Delivering, as he spoke, a cruel blow in the face of his opponent, Voysye felled him to the ground, and pursuing Gillian, who hearing the scuffle had paused to look behind her, threw a rude arm around her waist, crying,—
“Come, now, I’ll have one kiss, if I die for’t.”
But Gillian, lithe as a cat, struggled and fought after her kind, so successfully that the ruffian had not been able to snatch his kiss before a heavy foot reached him with a kick, and a furious voice roared in his ear,—
“Avast there, you”—but the epithets are not writable, and in these days no man, however angry, would use them in a woman’s presence. They were, however, effectual, for with an oath quite as furious and quite as unmentionable, Voysye quitted his hold upon the girl’s waist and, turning, aimed at Cromwell’s face a buffet which, however, only reached his shoulder. Angered, not so much at the assault as the insubordination, the captain seized his sheathed rapier, and dealt with the hilt a blow upon the sailor’s head which prostrated him, bleeding and senseless, at Gillian’s feet.

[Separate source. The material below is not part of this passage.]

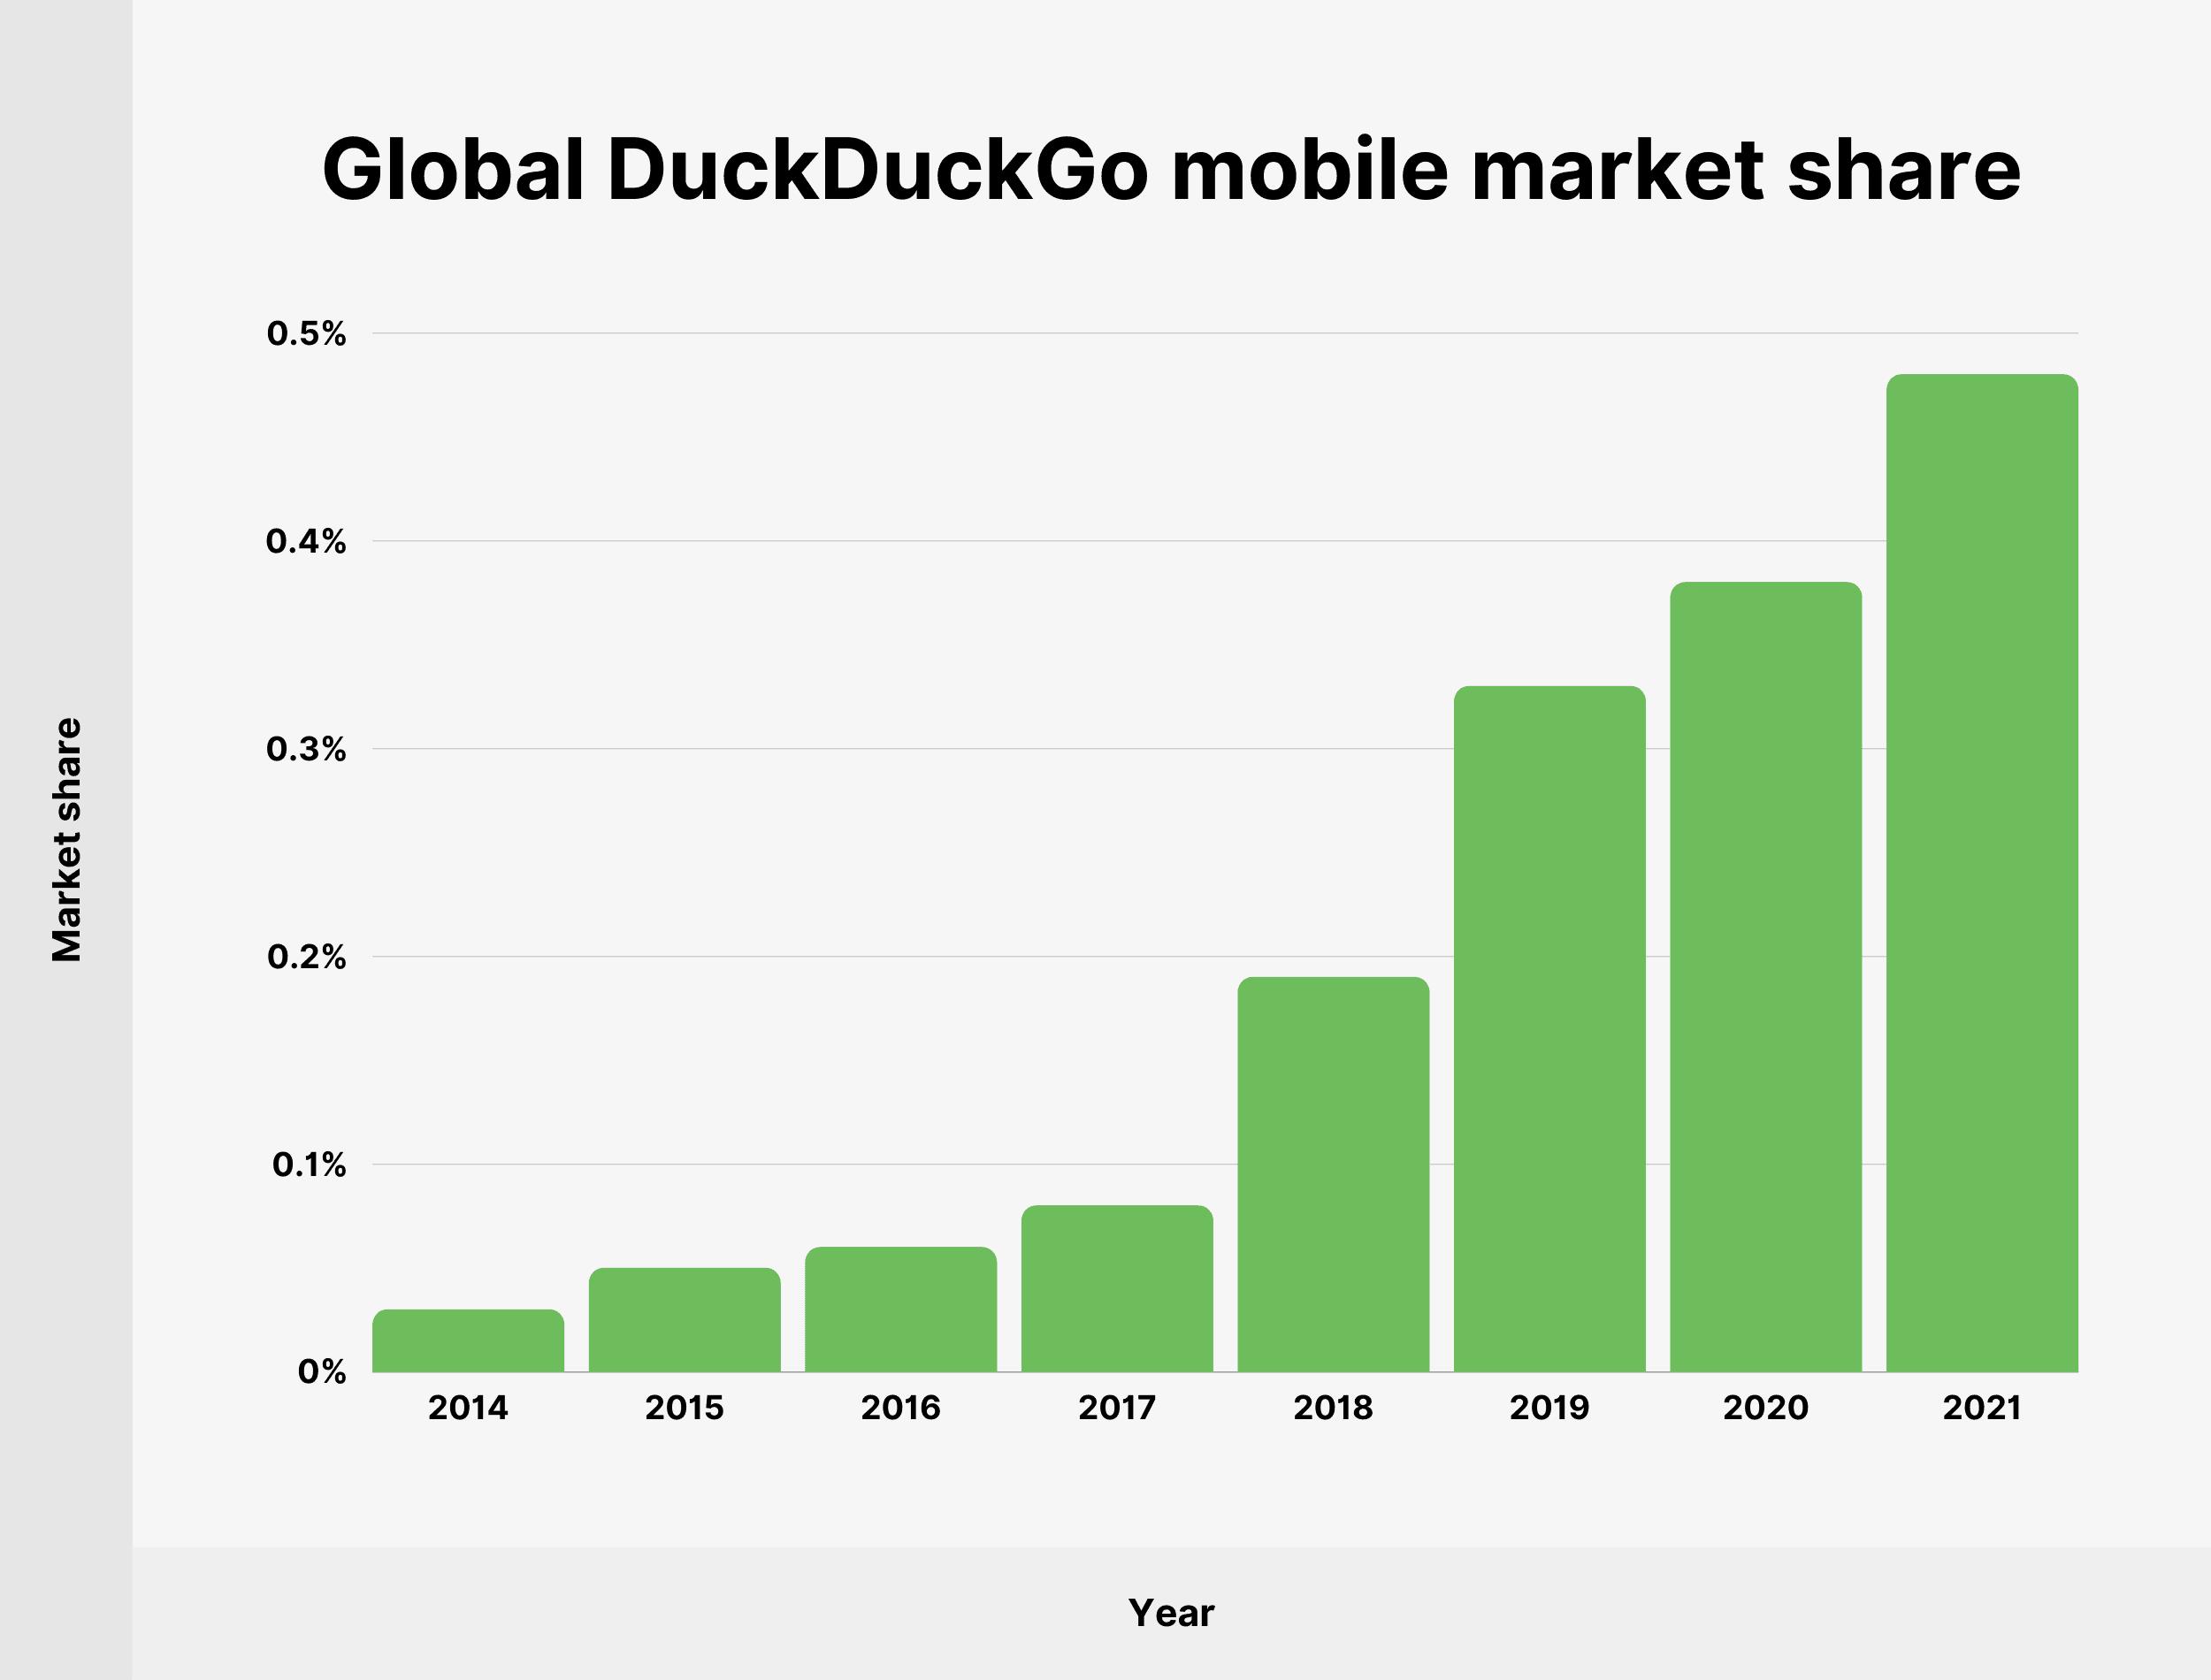 Global DuckDuckGo mobile market share
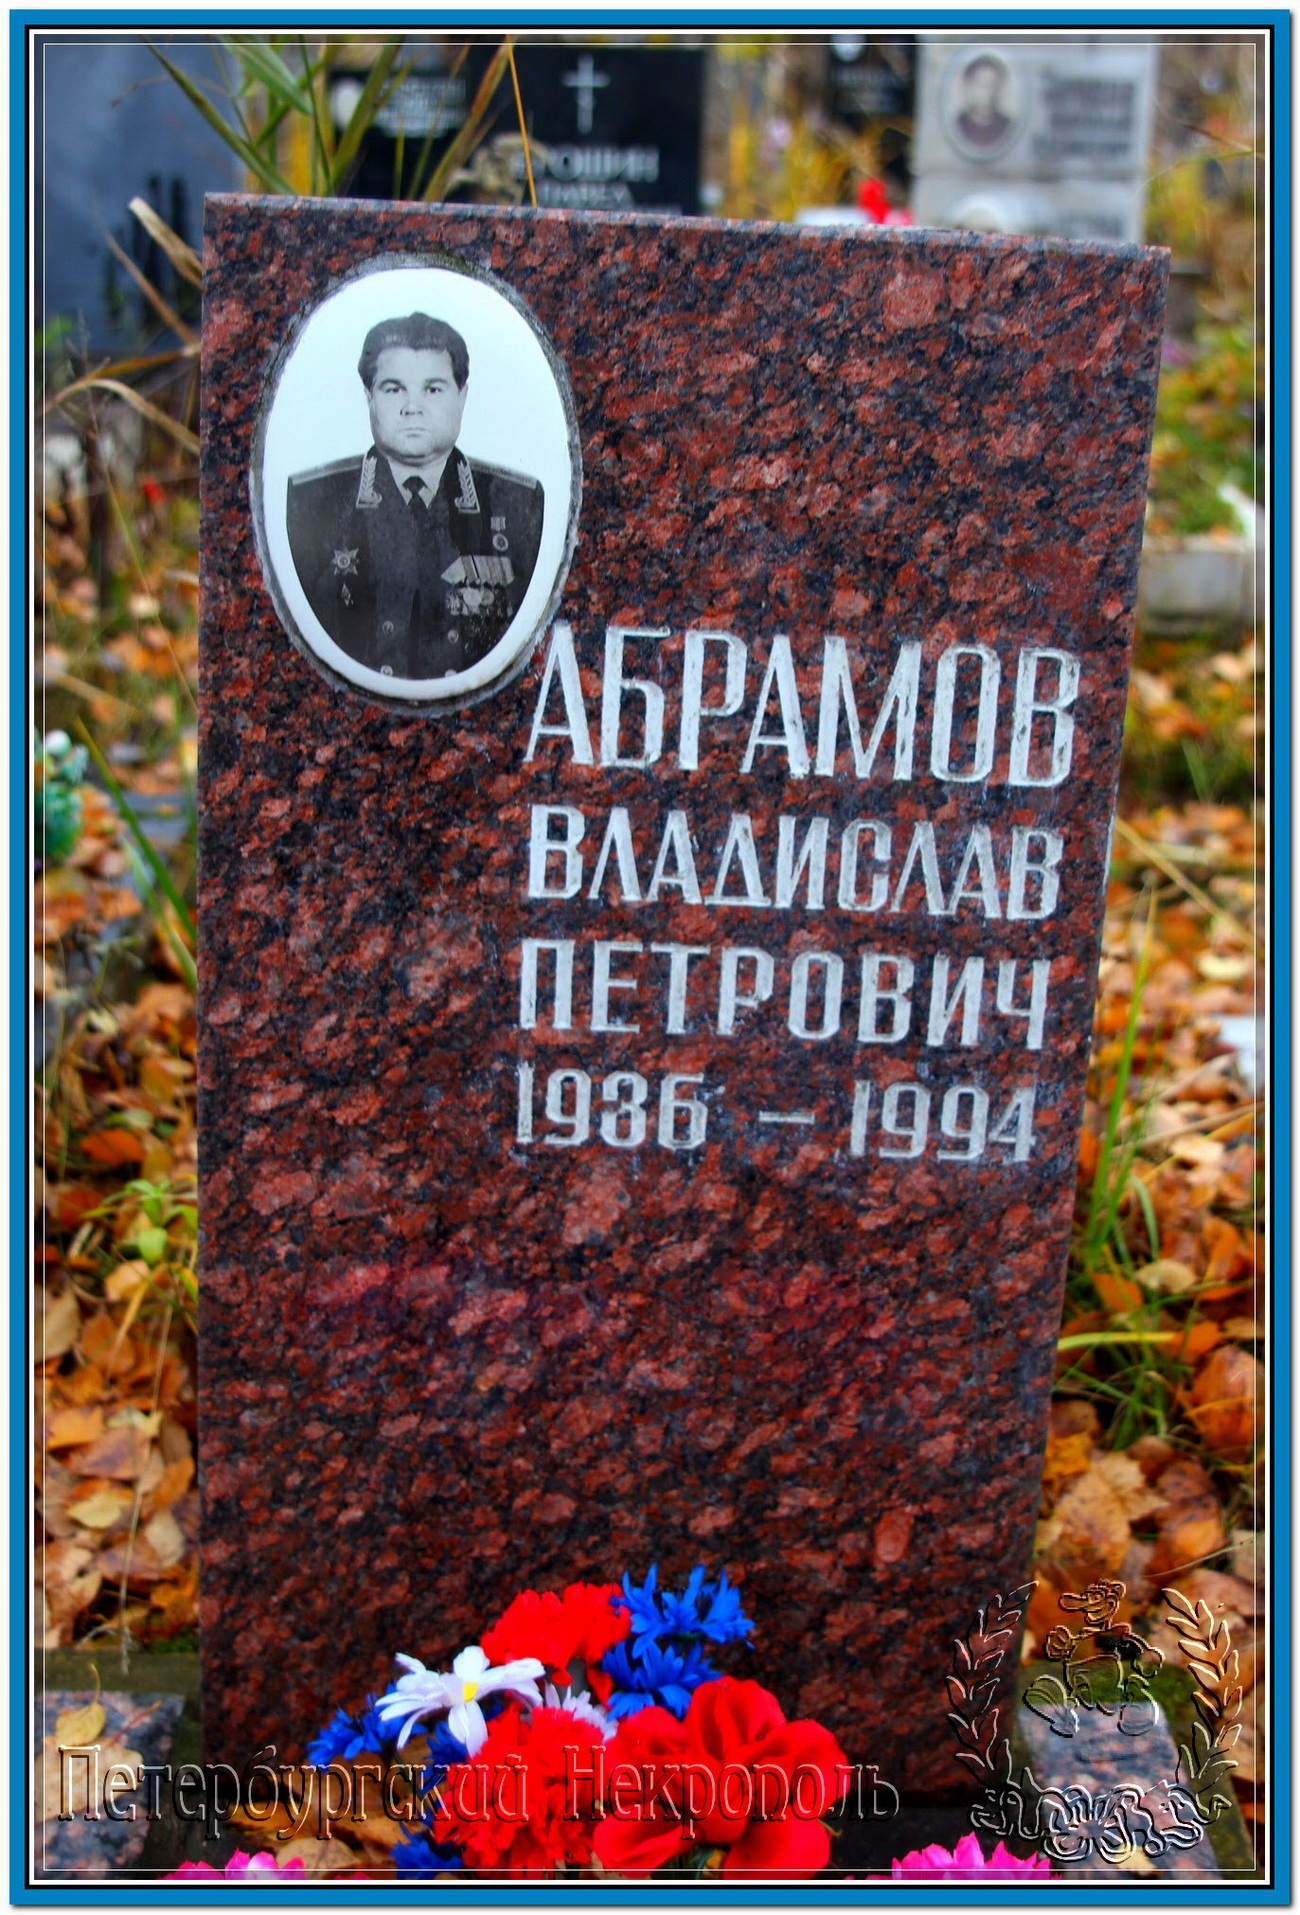 © Абрамов Владислав Петрович

“You’ve killed him, and they’ll hang you for murder!” cried she. “Hide him, and get away with your vessels before it’s found out.”
“And would you go with me?” demanded Cromwell, gazing curiously in the girl’s fierce, flushed face.
“Yes—no—yes, if you could get clear, and save your neck and your money,” returned Gillian with cynical frankness.
“Ay, I thought as much, Mistress,” retorted the sailor, “and I’m a fool to care for such a woman; but still I do, and when I go you shall go too, or if I’m hung you shall have the price of a soul. Thirty pieces satisfied Judas, didn’t it?”